[Collection entries]
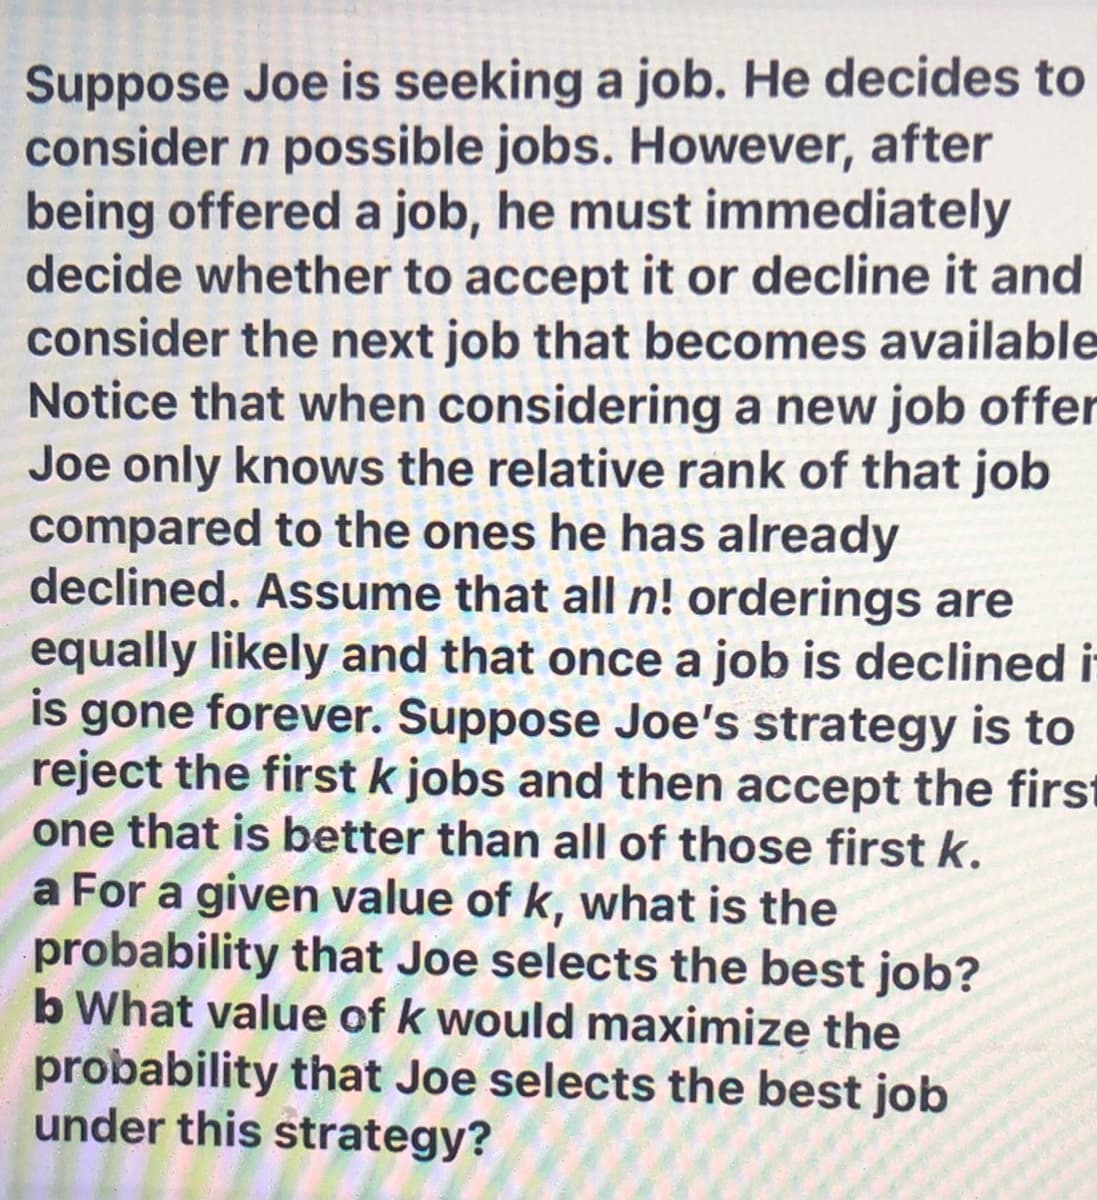 Suppose Joe is seeking a job. He decides to
consider n possible jobs. However, after
being offered a job, he must immediately
decide whether to accept it or decline it and
consider the next job that becomes available
Notice that when considering a new job offer
Joe only knows the relative rank of that job
compared to the ones he has already
declined. Assume that all n! orderings are
equally likely and that once a job is declined i
is gone forever. Suppose Joe's strategy is to
reject the first k jobs and then accept the first
one that is better than all of those first k.
a For a given value of k, what is the
probability that Joe selects the best job?
b What value of k would maximize the
probability that Joe selects the best job
under this strategy?

### TASK INSTRUCTIONS:
Your answer must be the line holding "consider the next job that becomes available" plus every later line to the end of the records, copied exactly.

### TASK ANSWER:
consider the next job that becomes available
Notice that when considering a new job offer
Joe only knows the relative rank of that job
compared to the ones he has already
declined. Assume that all n! orderings are
equally likely and that once a job is declined i
is gone forever. Suppose Joe's strategy is to
reject the first k jobs and then accept the first
one that is better than all of those first k.
a For a given value of k, what is the
probability that Joe selects the best job?
b What value of k would maximize the
probability that Joe selects the best job
under this strategy?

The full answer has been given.